EXERCISE DIRECTIONS:
In the records below, the lines between the one holding "Hecef 9 Pieces" and the one holding "Tiffany&Co. Accessory Case", inclusive, are to be transcribed exactly; no pictures are to be included.

PROVIDED RECORDS:
....................

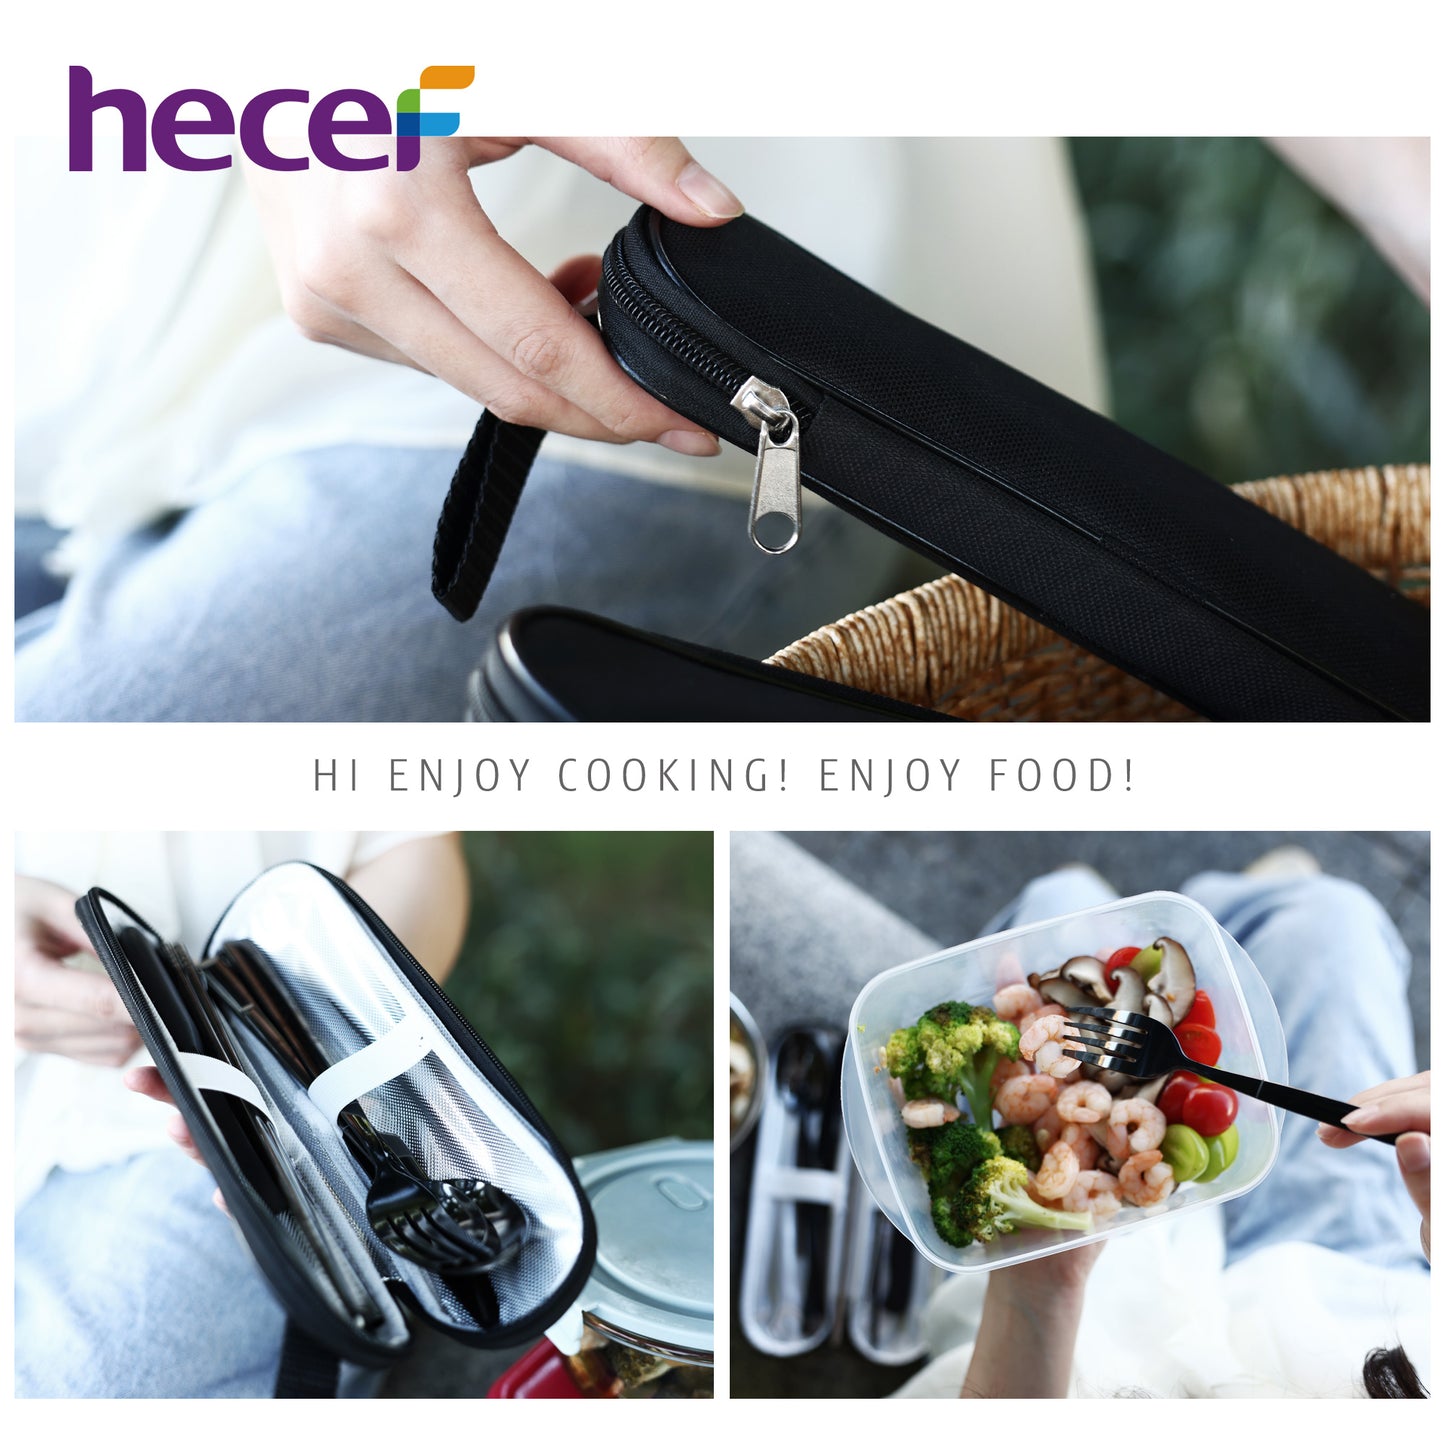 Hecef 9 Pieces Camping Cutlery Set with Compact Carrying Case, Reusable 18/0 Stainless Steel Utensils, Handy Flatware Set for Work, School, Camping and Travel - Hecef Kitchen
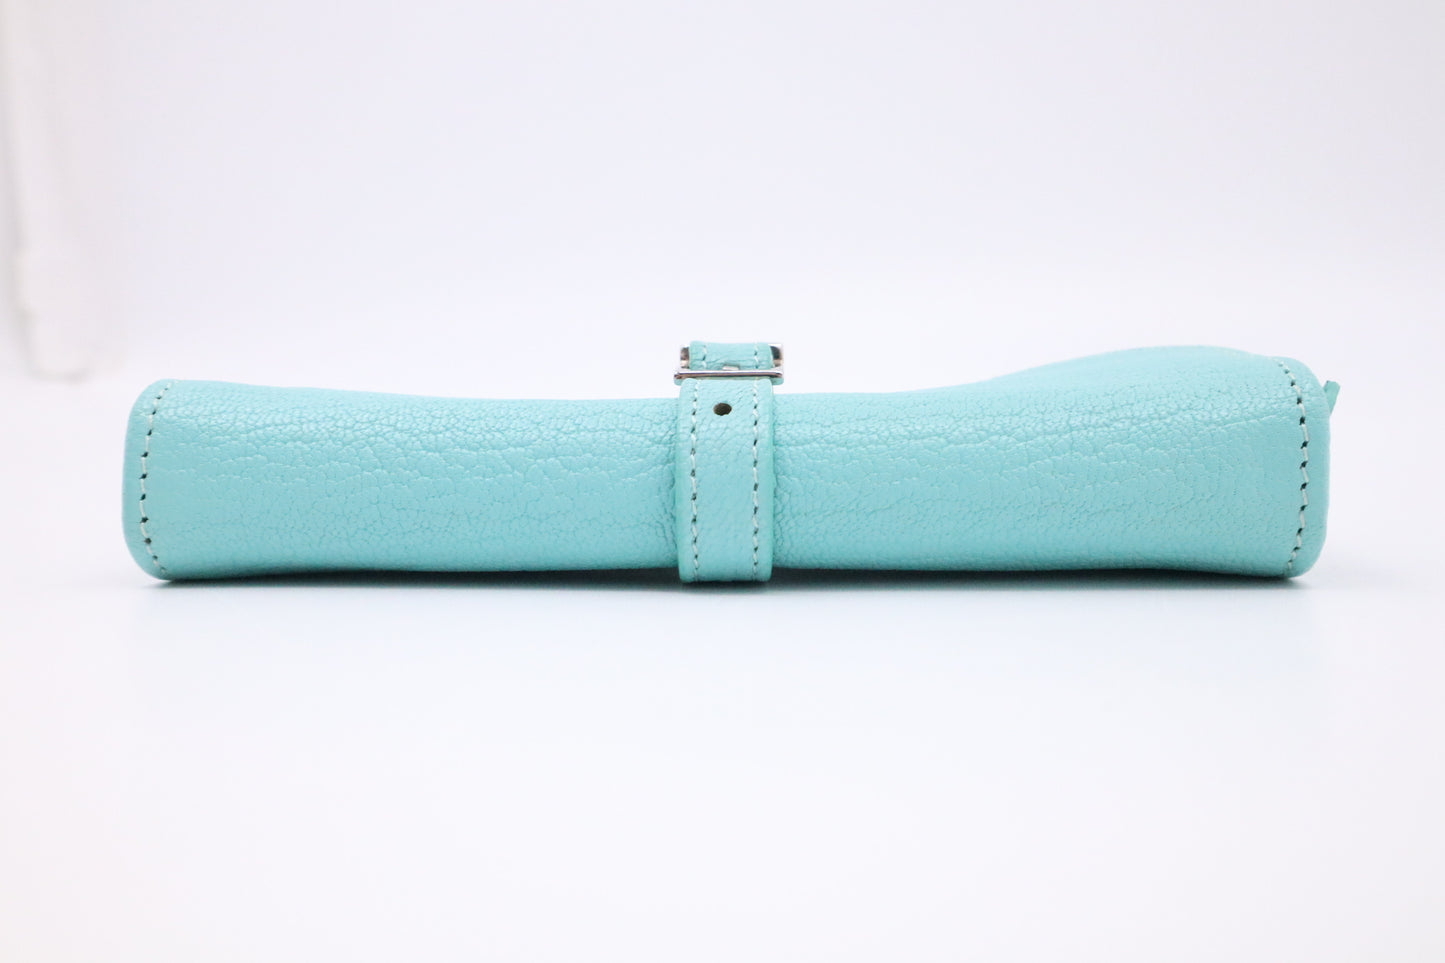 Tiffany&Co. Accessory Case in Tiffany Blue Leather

....................

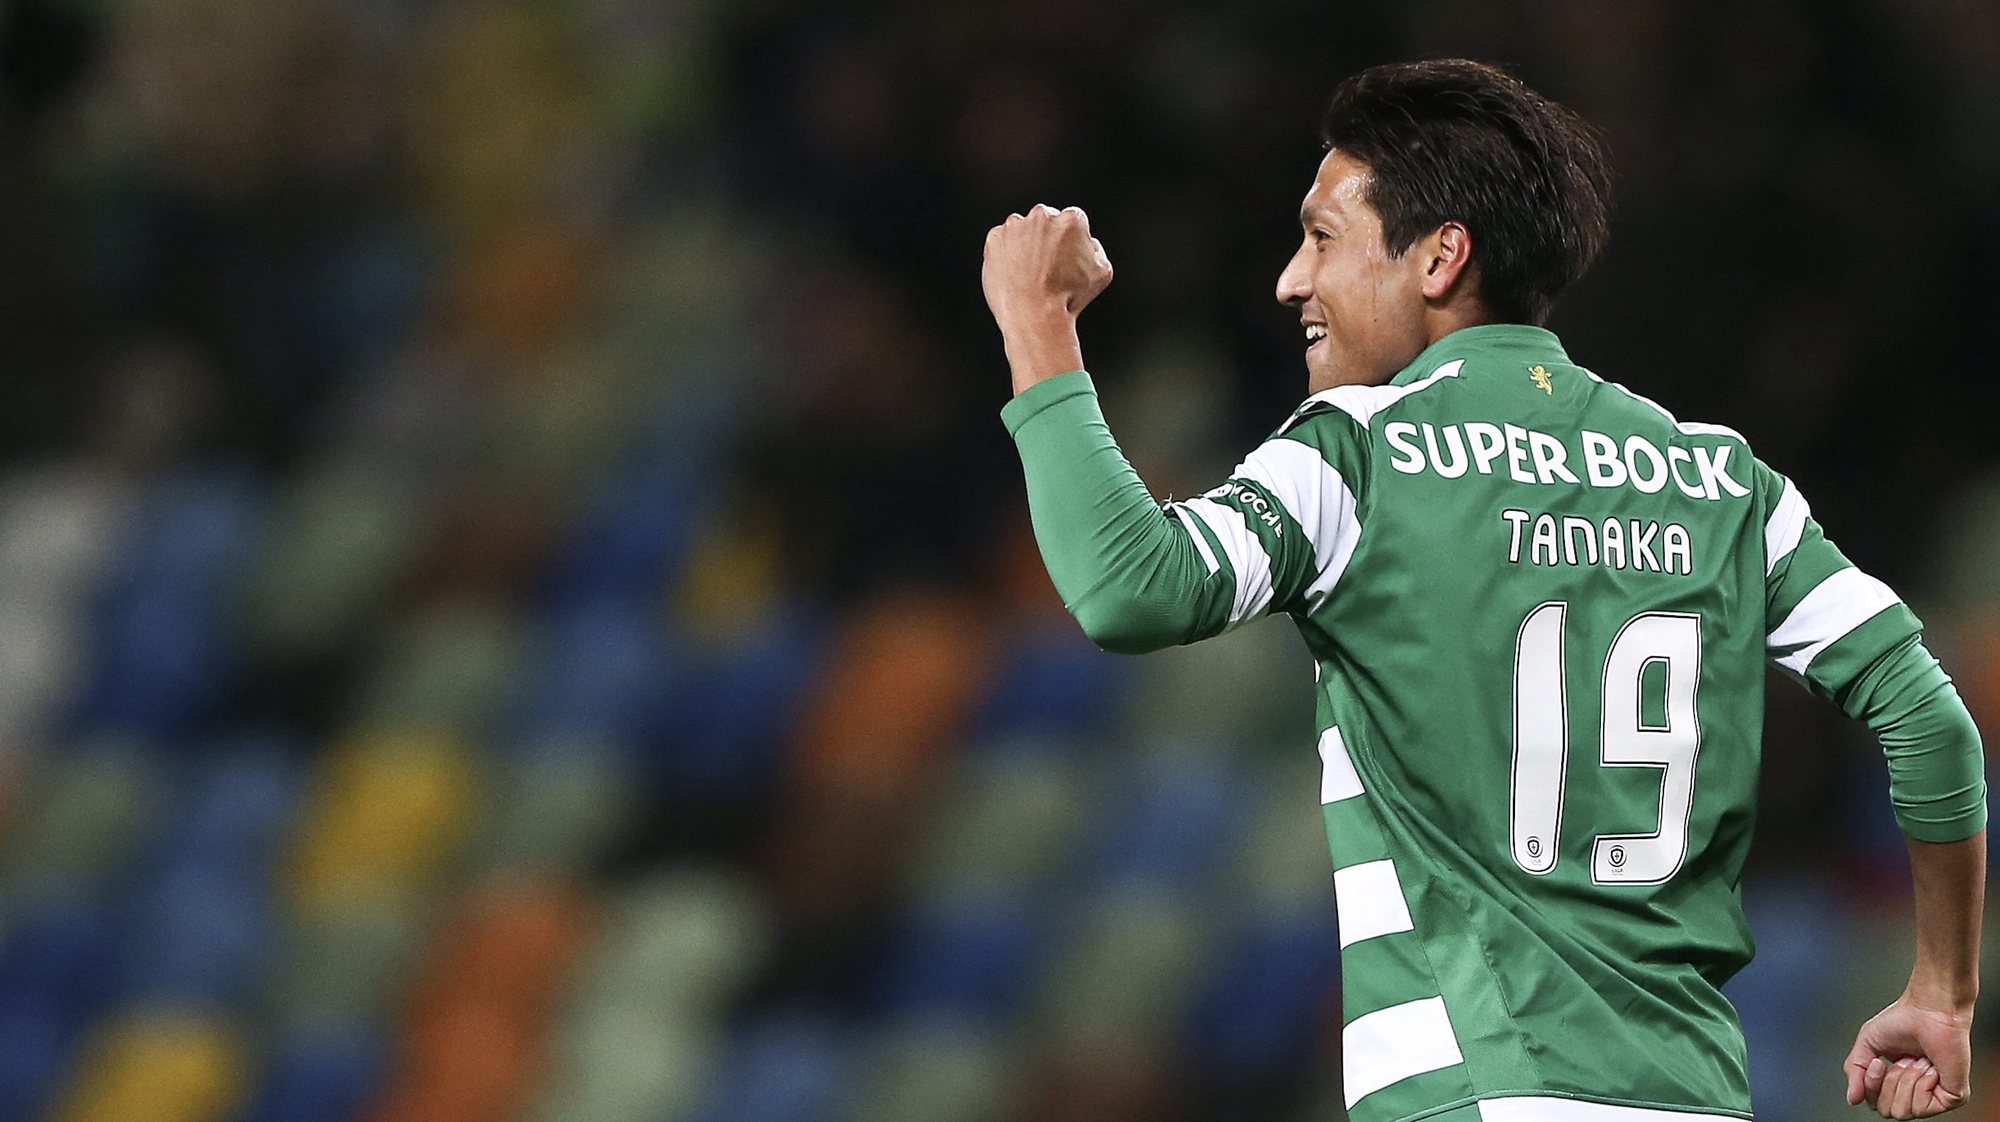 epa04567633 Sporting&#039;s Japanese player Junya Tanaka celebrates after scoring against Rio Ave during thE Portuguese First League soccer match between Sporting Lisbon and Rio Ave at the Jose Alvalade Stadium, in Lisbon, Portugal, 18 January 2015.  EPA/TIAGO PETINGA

....................

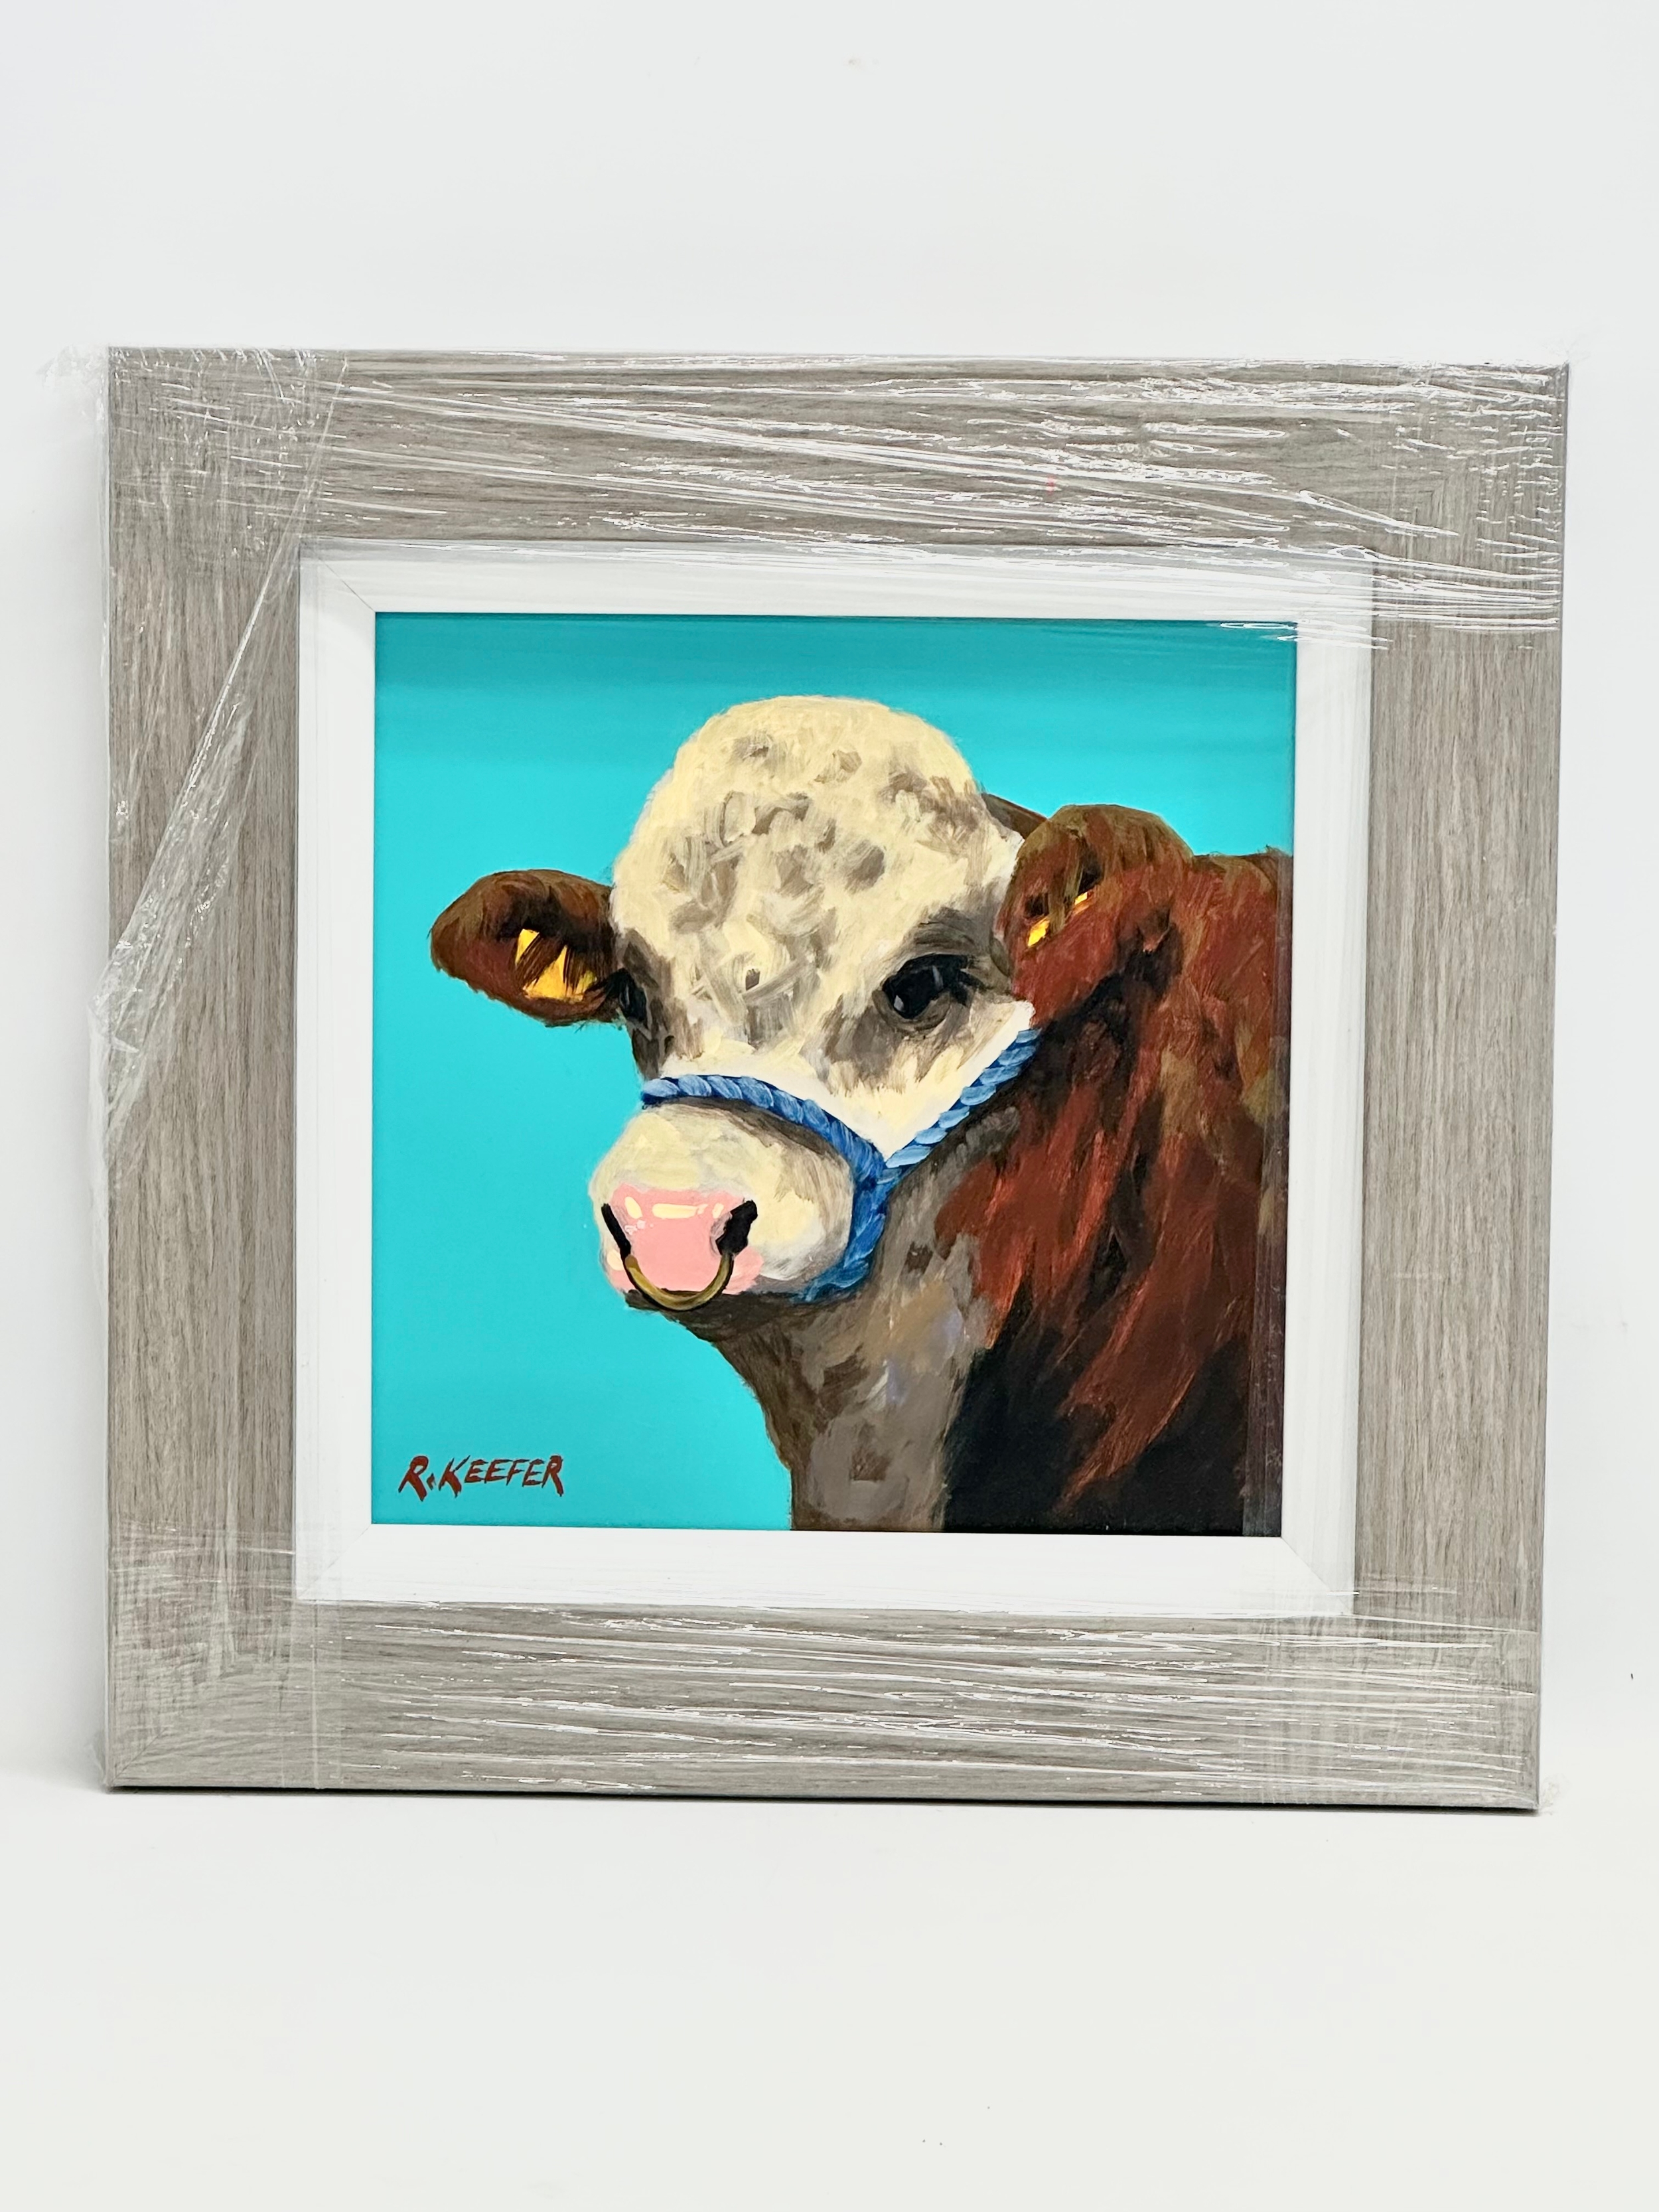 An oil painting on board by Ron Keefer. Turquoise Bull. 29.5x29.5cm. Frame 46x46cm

....................

ANSWER FOR THE TASK:
 Hecef 9 Pieces Camping Cutlery Set with Compact Carrying Case, Reusable 18/0 Stainless Steel Utensils, Handy Flatware Set for Work, School, Camping and Travel - Hecef Kitchen
 Tiffany&Co. Accessory Case in Tiffany Blue Leather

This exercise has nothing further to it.